# Gym Attire for Women



## Pantobabe (Dec 3, 2013)

Hello everyone,

Just wondering whether you can help me- I'm moving over to Dubai and I am a very keen gym goer. I've heard some stories that women in the gym have to have both their legs and shoulders covered whilst at the gym (I.e tshirts and leggings) could someone help confirm if this is true, or wether it is acceptable to wear shorts and tank tops also?
Thanks for your help


----------



## BedouGirl (Sep 15, 2011)

Pantobabe said:


> Hello everyone, Just wondering whether you can help me- I'm moving over to Dubai and I am a very keen gym goer. I've heard some stories that women in the gym have to have both their legs and shoulders covered whilst at the gym (I.e tshirts and leggings) could someone help confirm if this is true, or wether it is acceptable to wear shorts and tank tops also? Thanks for your help


Gym wear for women here is no different to anywhere else.


----------



## Pantobabe (Dec 3, 2013)

BedouGirl said:


> Gym wear for women here is no different to anywhere else.

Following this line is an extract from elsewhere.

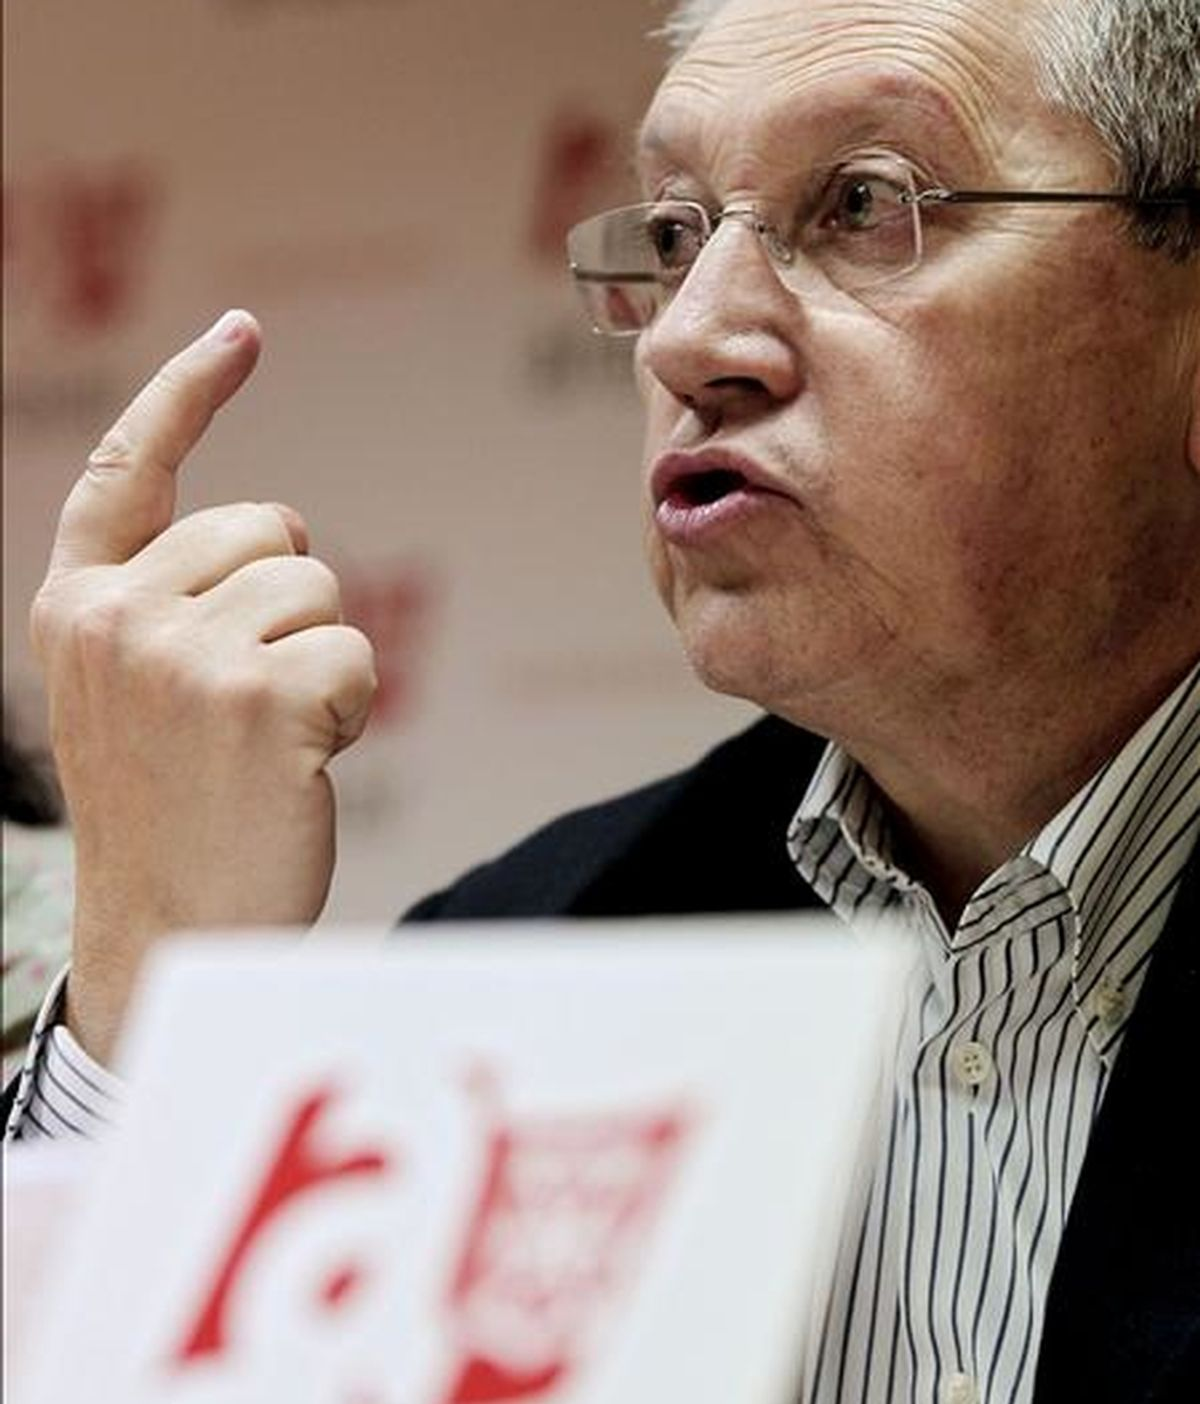 El coordinador de Aralar, Patxi Zabaleta. EFE/Archivo

Excellent, just what I wanted to hear. Thanks!


----------



## Vesper007 (Mar 31, 2014)

Yup, agree with BedouGirl. Also, some gyms have a "ladies only" gym located in the female locker room. It is usually those gyms where you find local ladies that follow a more modest style when working out. However, I've gone into those too in shorts and a tank top and nothing wrong.


----------



## BringBackBuck8 (Sep 20, 2013)

I see no difference from the UK to the gyms here; if anything I think the women at my gym back home dressed with greater modesty.


----------



## Ogri750 (Feb 14, 2008)

There is a woman at the gym I use that wears less to the gym than my wife does to bed.

That is a comment, not a complaint


----------